Transfer template¶
A transfer template chains multiple Rail firings into one
business-meaningful Transfer. The classic example: an
"ACH origination cycle" template fires three legs — debit the
customer DDA, credit the suspense holding GL, then debit suspense and
credit the Federal Reserve master account — and the template
guarantees those three legs happen together, with a deterministic
expected_net close-out.
A template has:
name— unique identifier referenced fromTransaction.template_nameso any leg of a templated bundle can be traced back to its parent template.leg_rails— ordered list of Rail names declaring which rails fire as part of the template. Each leg of a firing posts via the named Rail.expected_net— the L1 Conservation invariant for this template: the sum of every non-Failed leg's signedamount_moneyMUST equal this value. Most templates use0(debit + credit pair nets to zero); a few use a non-zero value when an external system contributes the offsetting side (e.g. anExternalForcePostedleg lands a credit the institution's books don't include).leg_rail_xor_groups(optional, AB.3) — declares mutually-exclusive subsets ofleg_rails. For each group, exactly one member fires per Transfer (the alternative variants share a closure slot but the institution's runtime picks one per cycle). The classic case is a multi-mode settlement:[SettlementAuto, SettlementStandard, SettlementSlow]— same closure, three possible cadences picked per-merchant. Each group needs ≥2 members, all members must be inleg_rails, all must be Variable-direction SingleLegRails (validator C1a-d). The "exactly-one-fires" runtime check surfaces on the_xor_group_violationmatview: 0 firings ⇒ missed (the template didn't close); ≥2 firings ⇒ overlap (the runtime double-posted).
Templates are how the L1 dashboard knows a multi-leg cycle is "open"

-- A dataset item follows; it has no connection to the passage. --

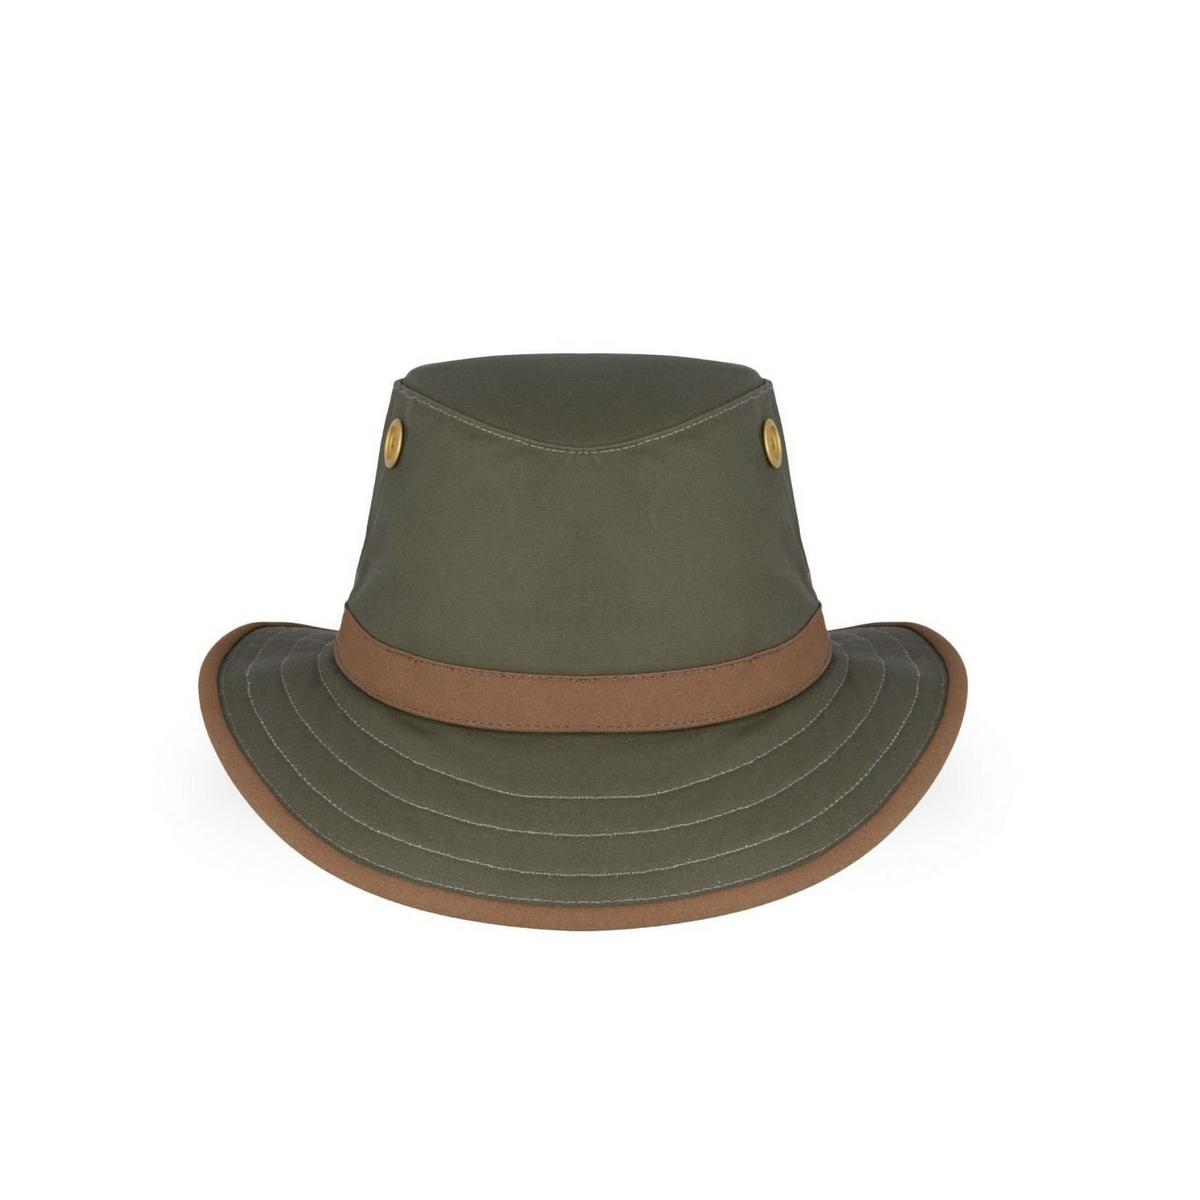 Tilley Endurables TWC7 Medium Brim Hat - Green

— a leg has fired but the close-out leg hasn't yet, so the running
sum doesn't equal expected_net. Stuck templates surface in the
Pending Aging + Unbundled Aging matviews depending on which leg's
late.
Multi-mode templates (AB.3): one closure, several variants¶
Real-world banking is rarely uniform. The same merchant
settlement might be authorized at three speeds — auto (intraday
sweep), standard (T+1), slow (weekly batch) — driven by the
merchant's contract tier. The institution treats them as the
same closure event (the expected_net is the same; the
transfer_key is the same merchant cycle), but exactly ONE
variant fires per cycle.
leg_rail_xor_groups is how you express this. Declare each
variant as its own Variable-direction SingleLegRail
(SettlementAuto / SettlementStandard / SettlementSlow),
list them all in leg_rails, then group the ones that compete:
leg_rail_xor_groups: [[SettlementAuto, SettlementStandard,
SettlementSlow]]. The runtime picks one per cycle; the
_xor_group_violation matview flags the bug cases (no variant
fired, or ≥2 fired) without you having to write the check
manually.
You can declare multiple groups on one template — e.g. one group for settlement timing + one group for fraud-review depth. Each group is independent; the constraint is "exactly one member of each group fires", and any rail can be in at most one group (validator C1c).
The L1 Pending Aging + Unbundled Aging bar charts stack their
counts by rail_name so each variant becomes a distinct color
band — "the slow variant is dragging" reads off the chart
directly. The topology diagram renders the group as a nested
sub-cluster inside the template cluster, labeled "XOR group N
(exactly 1 fires)", so the mutual-exclusion contract is visible
on the diagram pane without leaving the topology.
Don't reach for a Transfer Template just because two rails can fire together. Use it when the rails MUST fire together as one business event — the template's
expected_netis the binding close-out invariant. If two rails are independent, model them as two rails with a chain edge instead.